Bitcoin will withstand breaks of almost all submarine cables, but it remains vulnerable to targeted attacks
Cambridge Study: Bitcoin Withstands Submarine Cable Failures but Is Not Protected Against Targeted Attacks
What the study showed
* Random failures
- When submarine cables are randomly disconnected, the Bitcoin network remains largely untouched.
- To cripple a significant portion of the network, one must simultaneously cut 72 % to 92 % of all global cables.
* Targeted attacks
- The network is vulnerable to attacks on key routing domains.
- Destroying the five largest nodes (Hetzner, OVH, Comcast, Amazon, and Google Cloud) could completely paralyze Bitcoin.

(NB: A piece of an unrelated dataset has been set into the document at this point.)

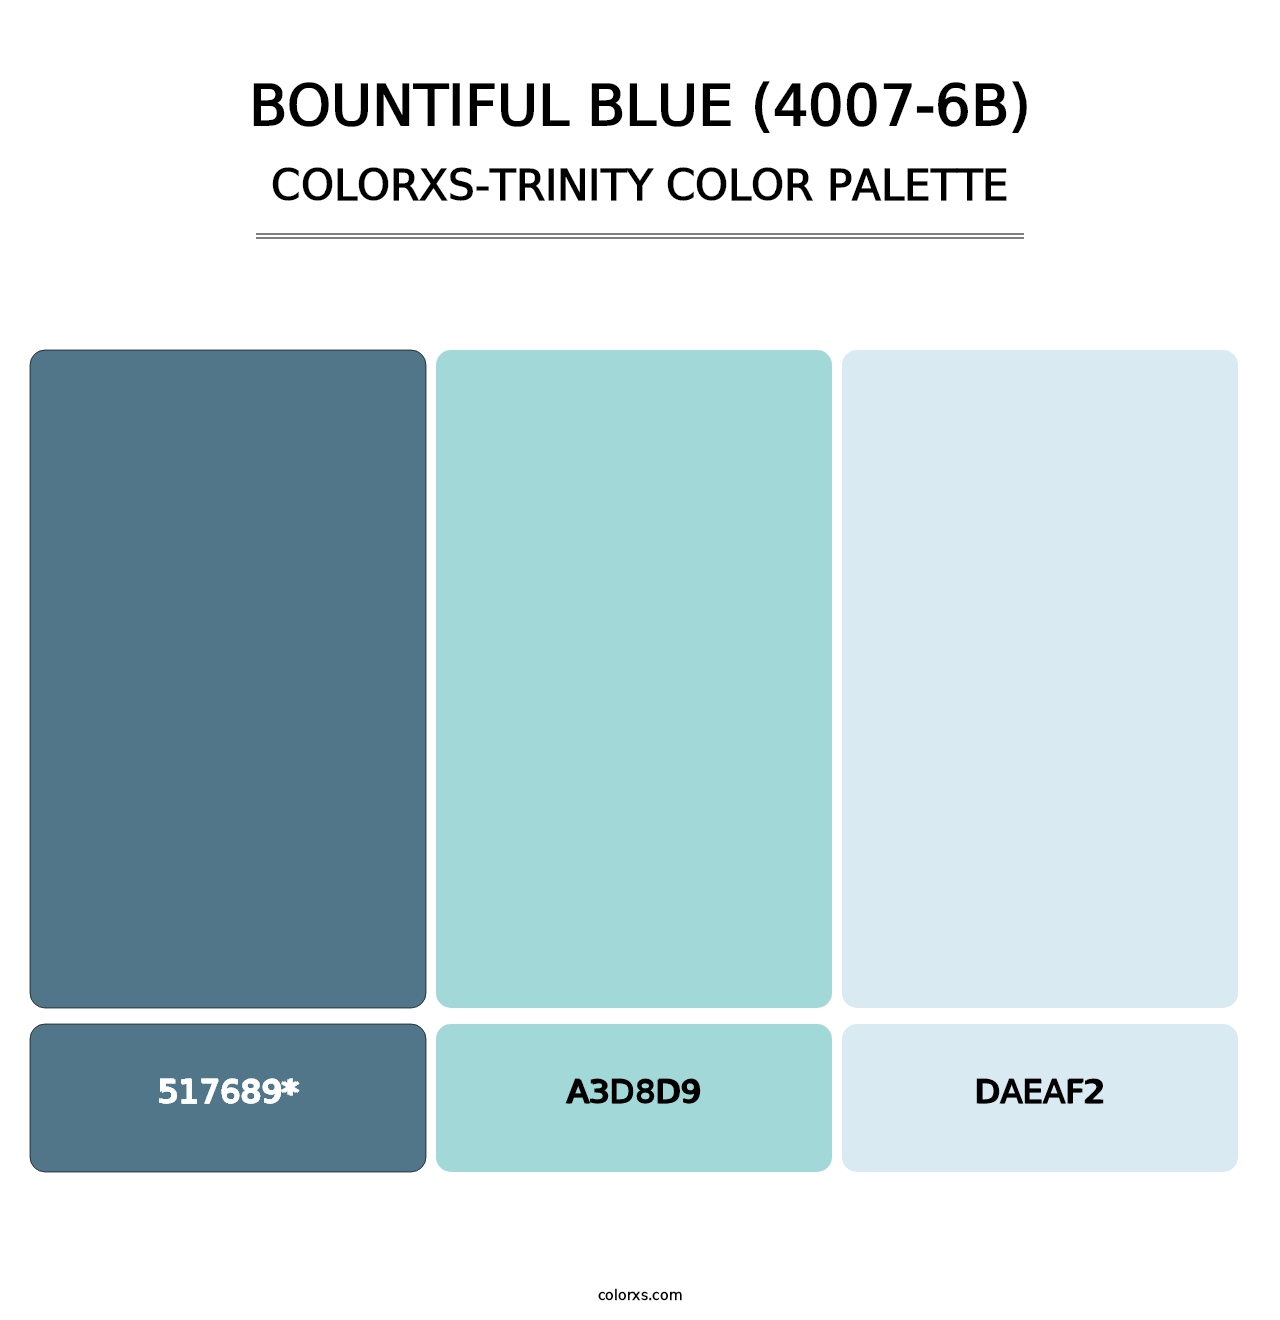 Bountiful Blue (4007-6B) - Colorxs Trinity Palette

How the study was conducted
1. Data – 11 years of P2P‑network traffic + 68 confirmed cable damage incidents.
2. Model – Buldyrev cascade model applied to highly interdependent systems (computer networks, power grids, transport).
3. Result – a failure threshold in the range of 72–92 % for random failures.
Role of Tor
* The Tor protocol enhances Bitcoin’s resilience by making it harder to shut down due to regulatory pressure.
* However, against targeted attacks on major infrastructure nodes, Tor does not provide protection.
Conclusions and relevance
- Random submarine cable damage is “not scary” for Bitcoin; the network is resilient to widespread outages.
- Vulnerability to targeted attacks remains critical: a limited number of large nodes make the system fragile.
Recent incidents in the Baltic Sea, the Middle East, and the Taiwan Strait underscore the need for further study and strengthening of infrastructure.